Expelling Diplomats in Latin America

Anthony Jordan and John P. Tuman, "Explaining Expulsions of U.S. Diplomatic Personnel from Latin America: 1991-2016." Latin American Policy 9, 2 (December 2018): 238-257. Gated.

Abstract:

This article examines expulsions of U.S. diplomats from Latin America and the Caribbean between 1991 and 2016. Employing an original data set of expulsions of U.S. diplomatic personnel, the analysis focuses on the number of first‐mover expulsions—cases where the Latin American government was the first to expel a U.S. diplomat in a year. The models are estimated with pooled negative binomial regression with robust standard errors. The results suggest there were more first‐mover expulsions in countries governed by radical, populist‐left presidents. For the radical, populist Left, expulsions offered a low‐cost mechanism to pursue opposition to U.S. influence in Latin America while also giving executives an opportunity to strengthen ties to their electoral base. Results also show that presidential election years had a positive and significant effect. Prior retaliatory expulsions, alleged U.S. interference, other types of executive‐party control, and economic ties with the United States and China had no effect on expulsions. Oil exports to the United States were associated positively with higher expulsion counts, which we attribute to the unwillingness of radical populists—and of the United States—to escalate diplomatic tensions into wider economic conflicts.
I never thought of doing an empirical study of expulsions--this is a fun article. I'd say it confirms what we would've guessed, which is that government more hostile to the U.S., which are leftist-populist, are more likely to expel diplomats, and especially during presidential election years. It is a low-cost signal of autonomy.

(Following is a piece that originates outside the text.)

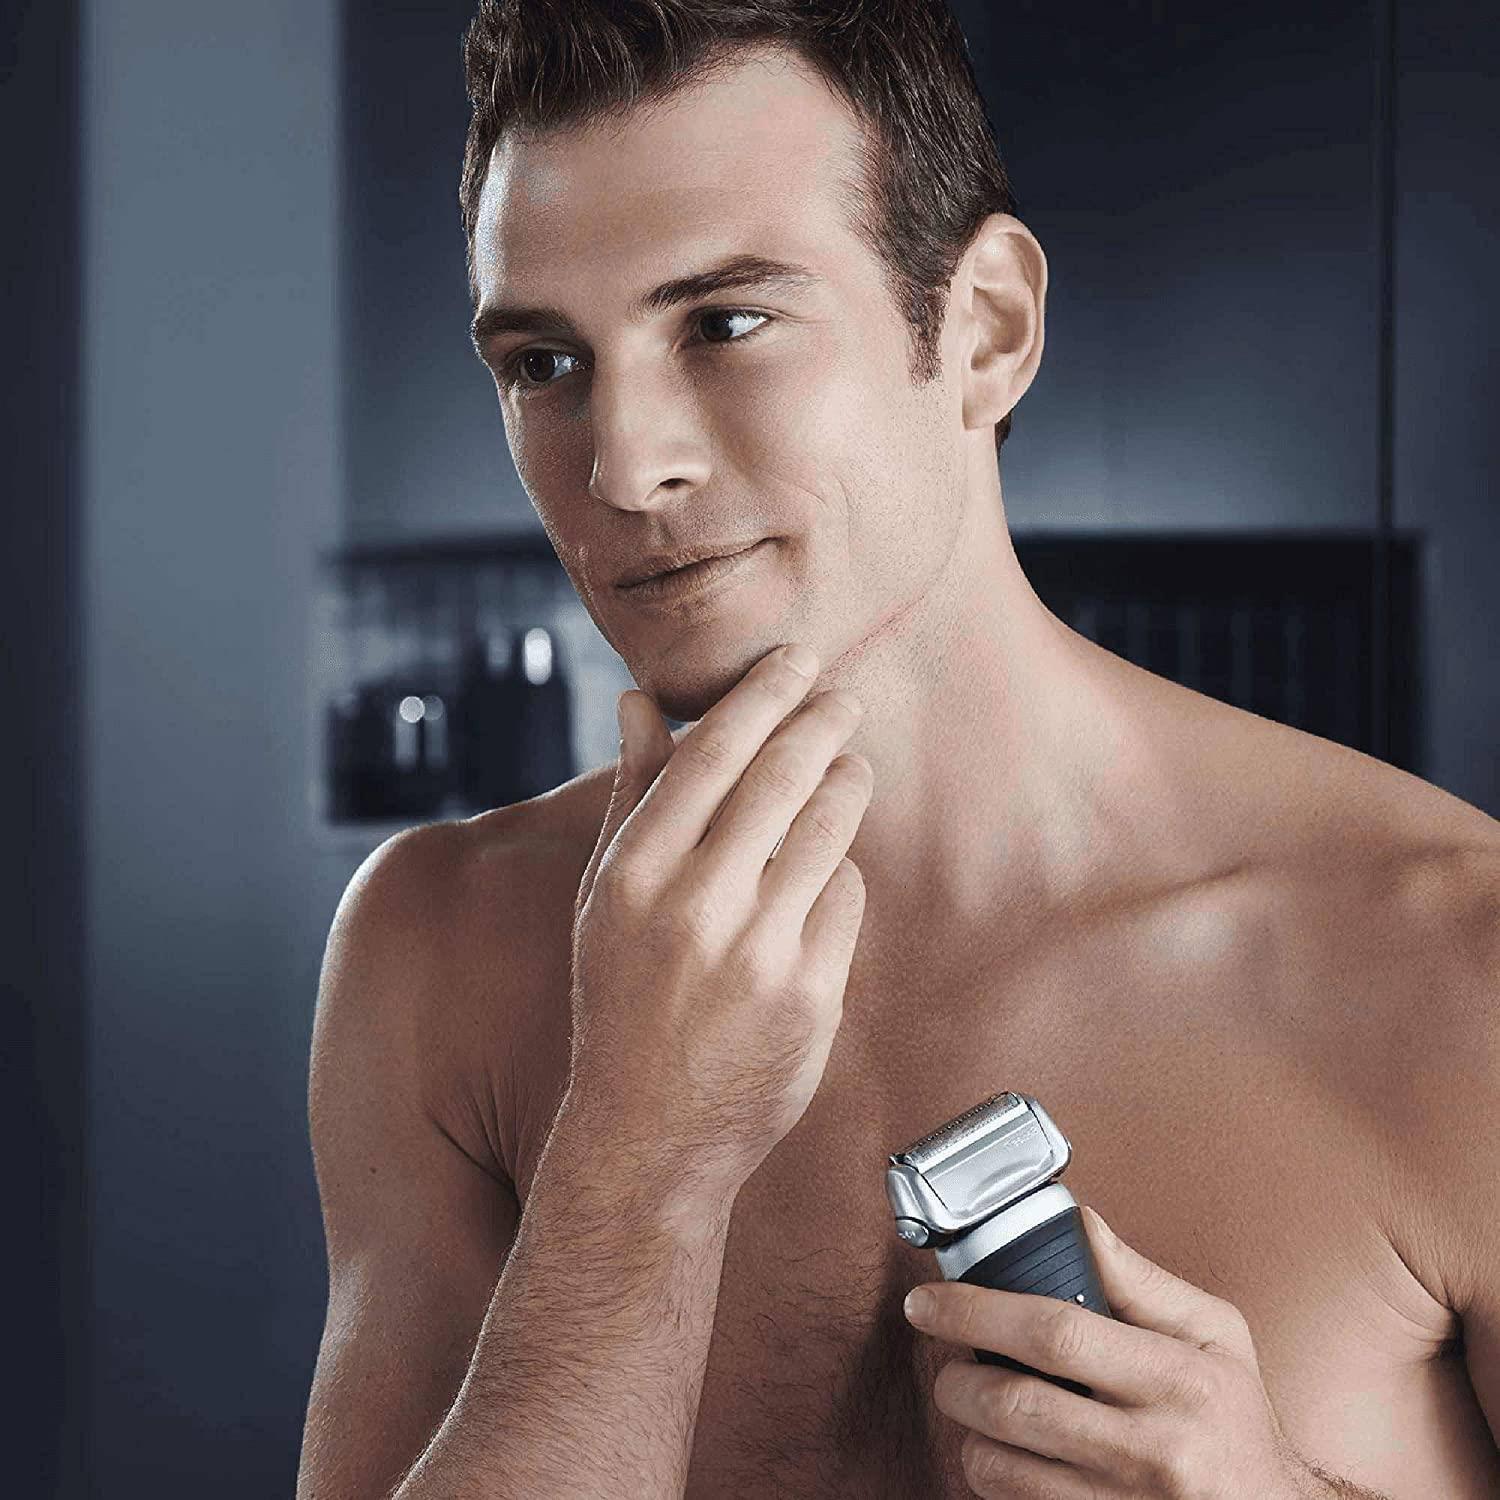 Braun 70B Replacement Foil and Cutter Cassette - Compatible with Older Series 7 Shavers - Healthxpress.ie

The article goes further with the insight about oil exporters, which tend to expel more.
[A]lthough radical populists were willing to use expulsions to signal the United States and drum up domestic support, they refrained from using oil as a form of leverage with the United States—due in part to their dependence on oil for government revenue. At the same time, because the United States adopted a carefully calibrated response to expulsions, there was no penalty (or embargo) imposed on oil exports to the United States or other trade with countries engaging in expulsions.
Until the U.S. imposed sanctions on PDVSA earlier this year, no one wanted to touch oil. So oil-exporters used expulsions as a sort of proxy and the unspoken agreement was that oil would be left alone.

A sequel should be to determine the impact of losing that diplomatic connection, which could be tough to measure. Once you've kicked them out, do you solve or create problems?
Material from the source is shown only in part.